** Supplied information **

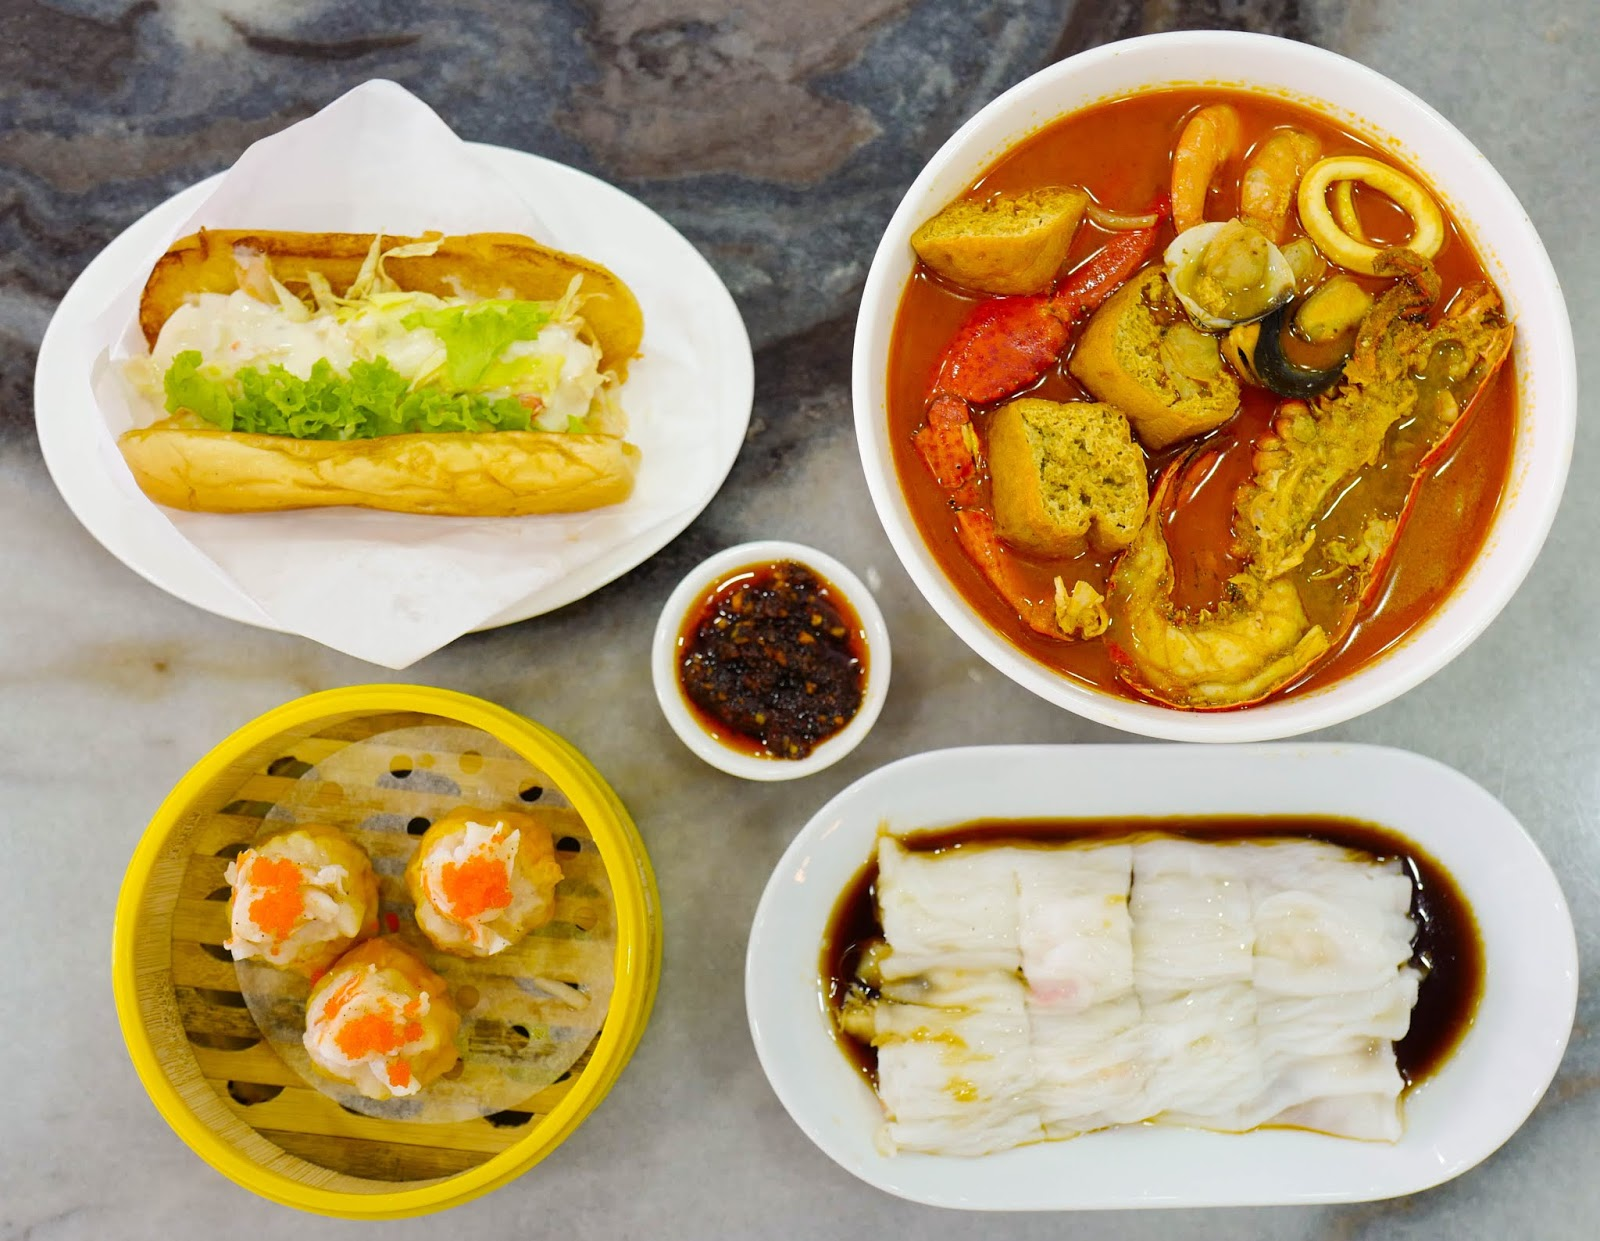 Hoi Kee Lobster & DimSum House, Segambut
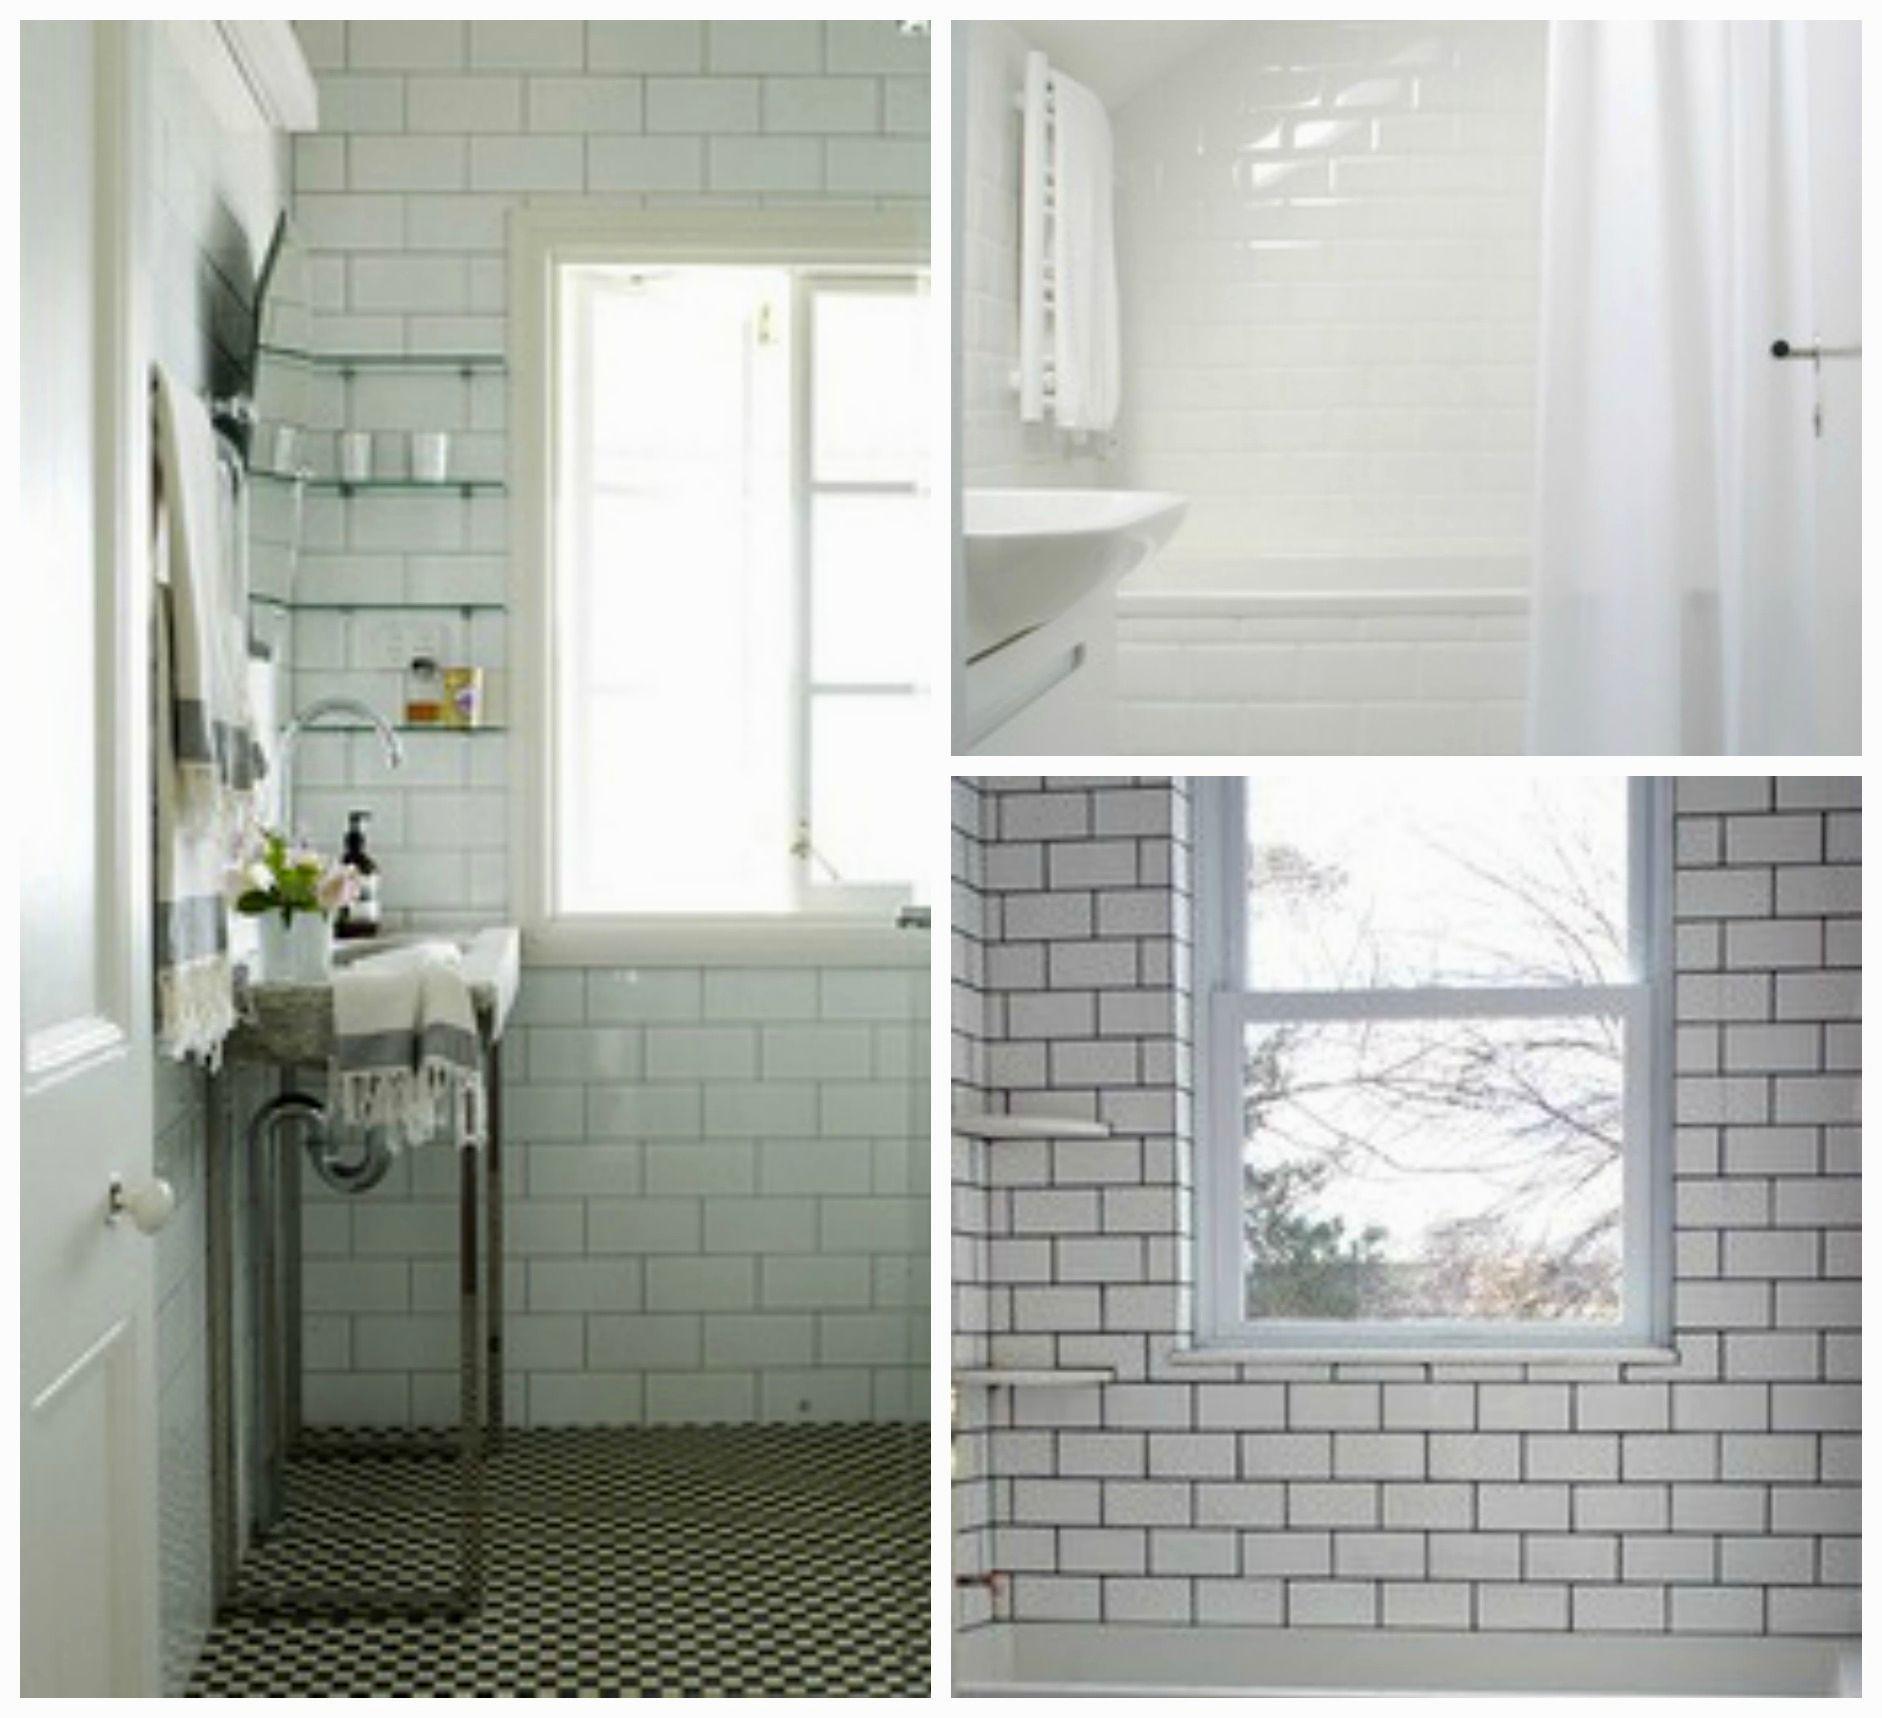 terrific images of bathroom remodels construction-Cool Images Of Bathroom Remodels Design
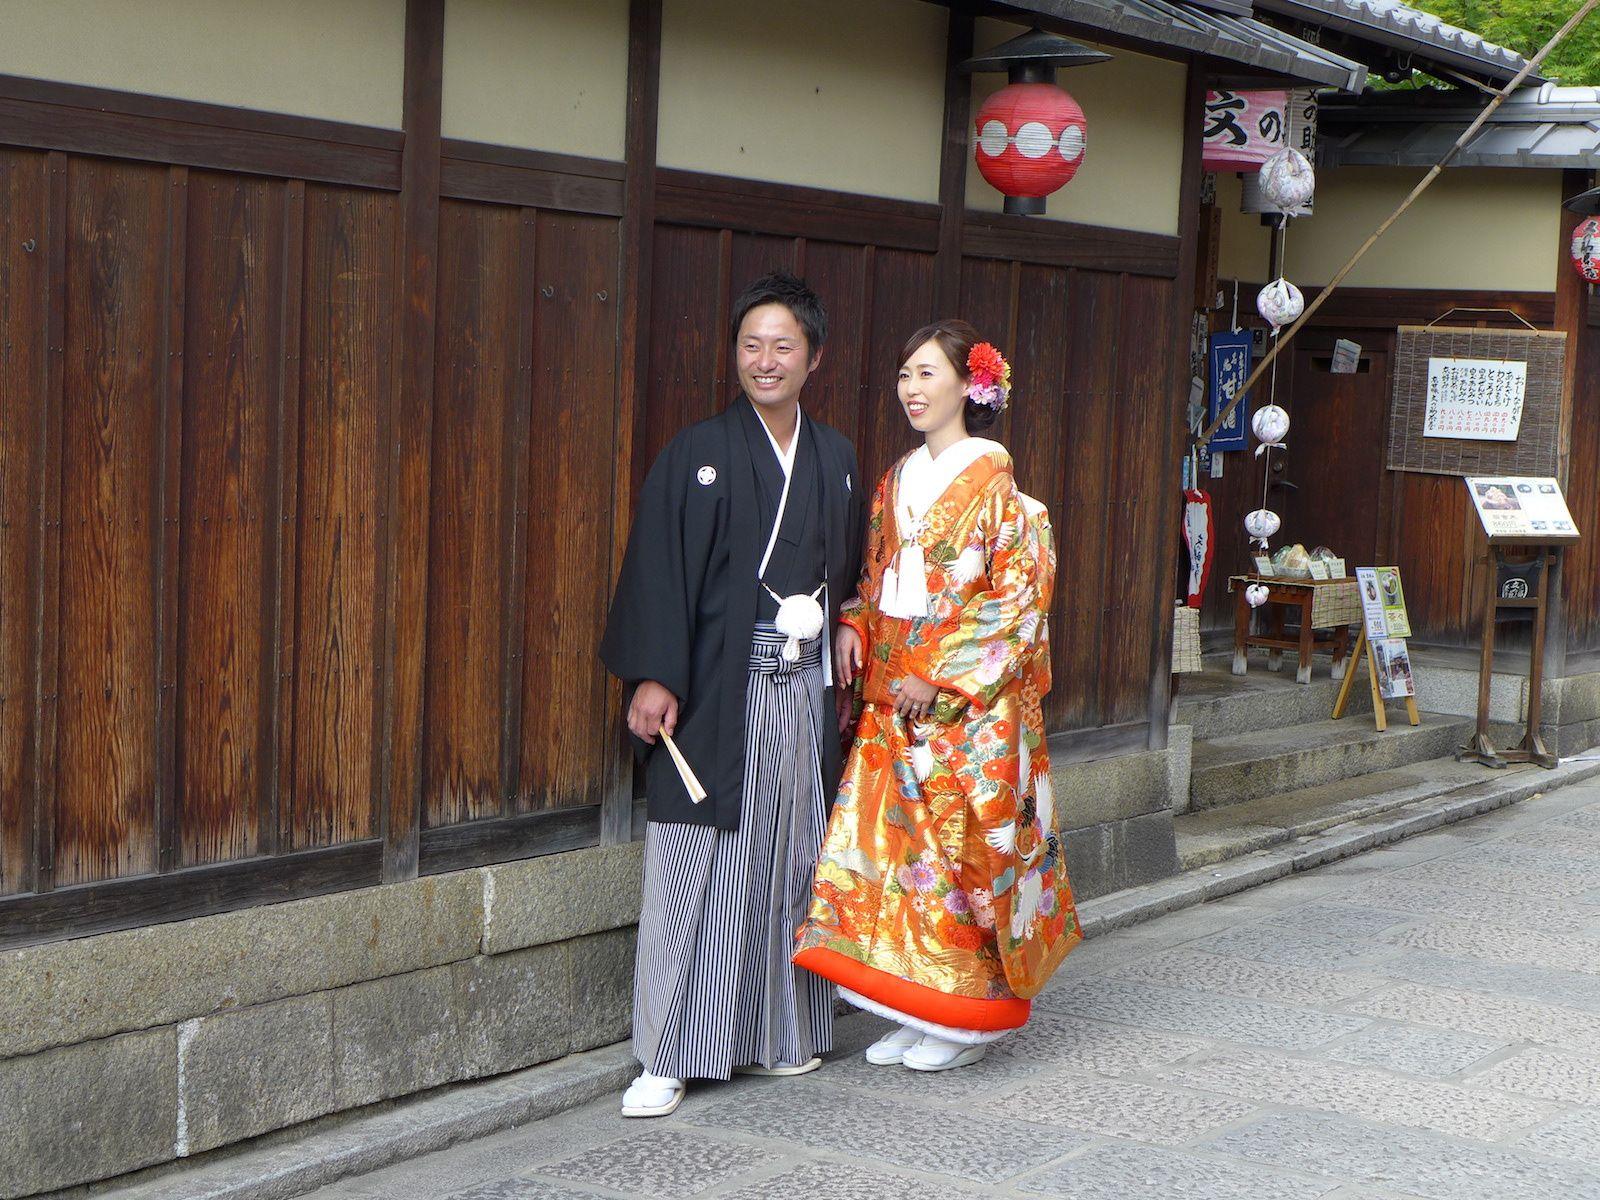 Inara Fushimi

** Assigned task **
Reproduce the listing above exactly, but skip the pictures.

** Reply **
 Hoi Kee Lobster & DimSum House, Segambut
 terrific images of bathroom remodels construction-Cool Images Of Bathroom Remodels Design
 Inara Fushimi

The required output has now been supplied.